Posts Tagged: Grammatical

The Grammatical and Perplexing Plural of Bigfoot

Bigfoot Vs Bigfoots   Bigfoot Vs. Bigfoots                                                                                                         Pictograph created by Thomas Halek in Piktochart

Bigfoot, by cryptozoology standards, is an ape-like creature ranging from 7 to 10 feet tall at maturity. Even though Bigfoot has been in Native American folklore and cave drawings for hundreds of years, science has not provided proof of their existence. There are scientific organizations such as the BFRO and SRA that dedicate scientific field research to finding proof of the existence of Bigfoot. That topic would be the subject of another publication. This publication deals only with the correct grammatical interpretation of the noun, Bigfoot.

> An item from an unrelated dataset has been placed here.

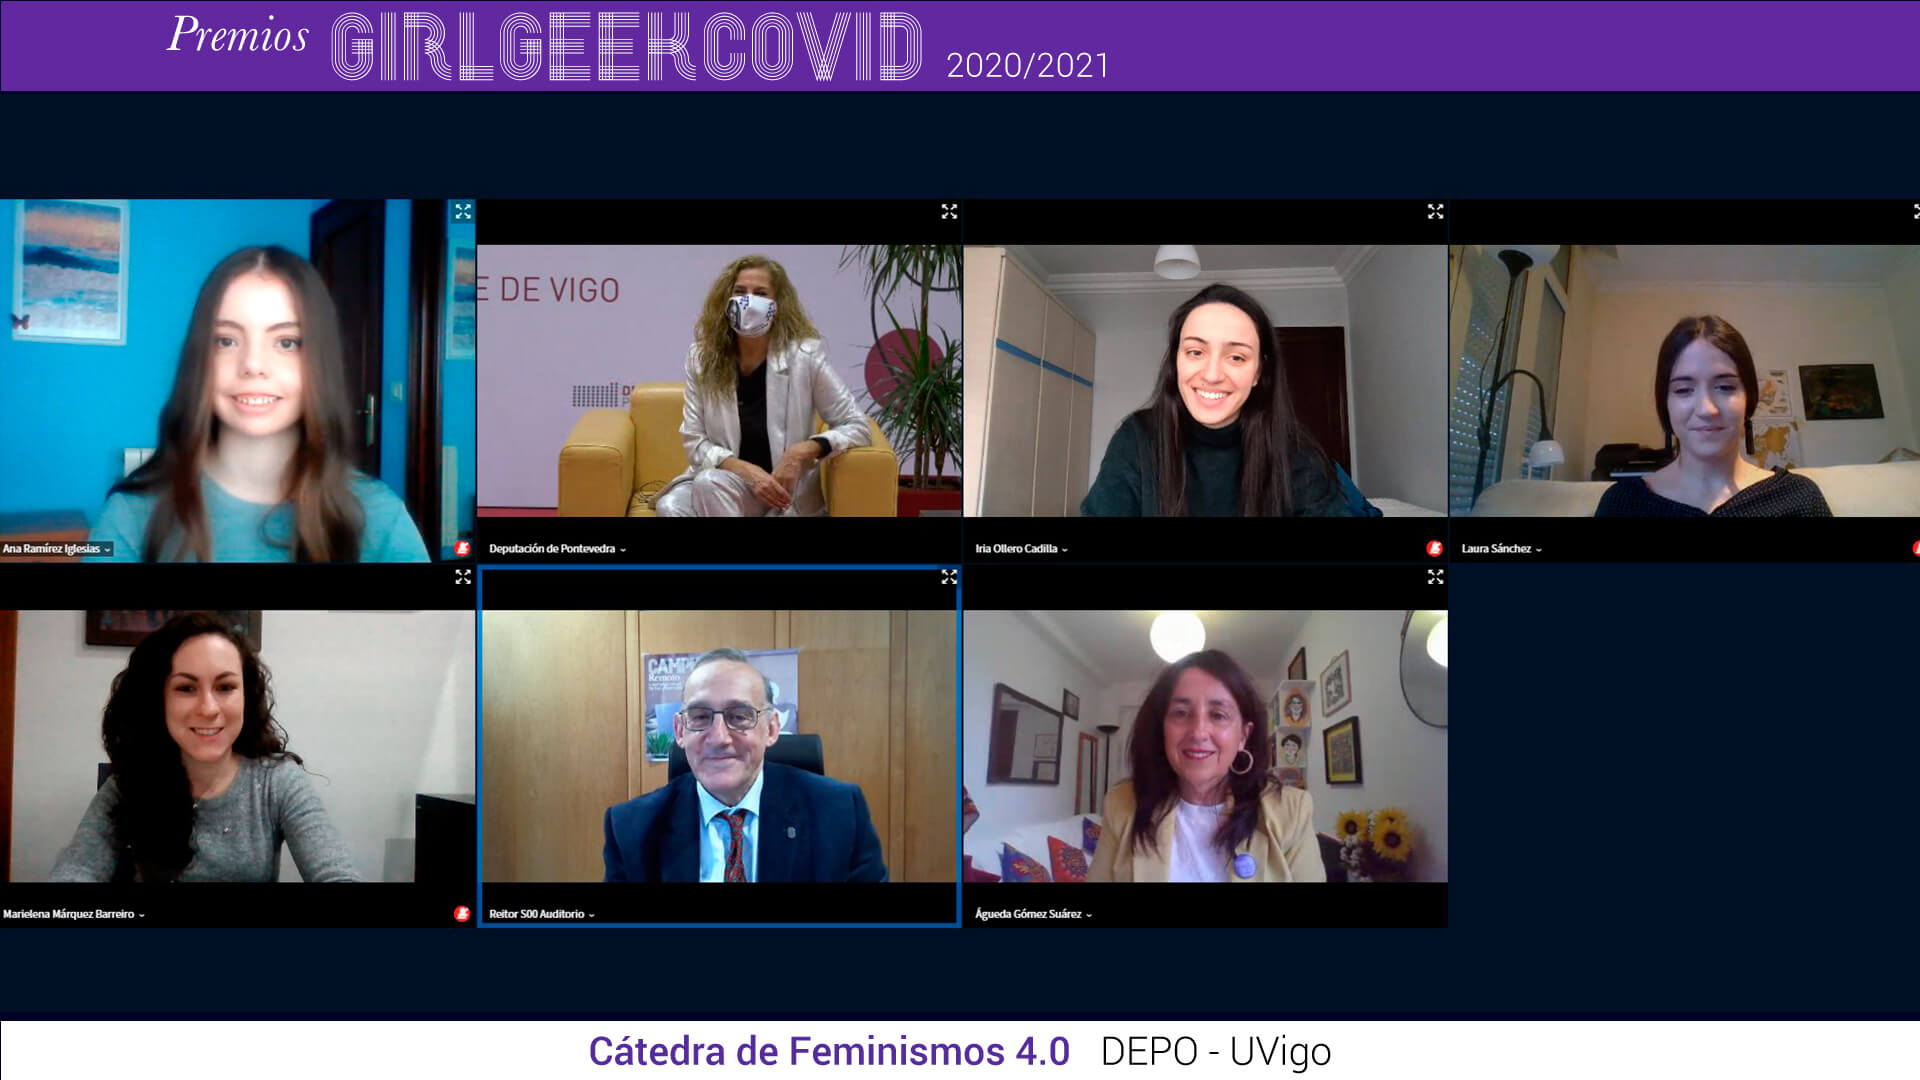 Premios Girl Geek Covid foto participantes

Grammatically, Bigfoot is a noun that is both plural and singular. In the world of animals and fish, many are both plural and singular. There can be one antelope standing by itself, or there can be a herd of antelope. There can be one goldfish swimming by itself, or you can have a school of goldfish. There can be one buffalo walking across the prairie or a herd of buffalo in a stampede. There can be one bass heading upstream or a school of bass in a lake.

The plural of Bigfoot is Bigfoot, and the plural of Sasquatch is Sasquatch. However, in other parts of the world, they are Abominable Snowman and Yeti. The plural of Abdominal Snowman is Abominable Snowmen, and the plural of Yeti is Yetis. Cryptozoologist Loren Coleman, in his writing, describes a “manual of styles” that was adopted by the International Society of Cryptozoology’s editor, Richard Greenwell, who documents the proper cryptozoological names.

However, with all the documentation above, Merriam-Webster Dictionary, in its on-line definition of Bigfoot, shows the plural as Bigfeet or Bigfoots. Another interesting occurrence happens when typing Bigfeet into a Microsoft Word document. Word earmarks it as miss-spelled. In an article, he wrote on North American Bigfoot, the co-host on the TV series Finding Bigfoot, Cliff Barackman, states Bigfeet implies more than one foot and not the creature.

In conclusion, whether or not the creature Bigfoot is real, the documentation above proves that grammatically, Bigfoot is both singular and plural.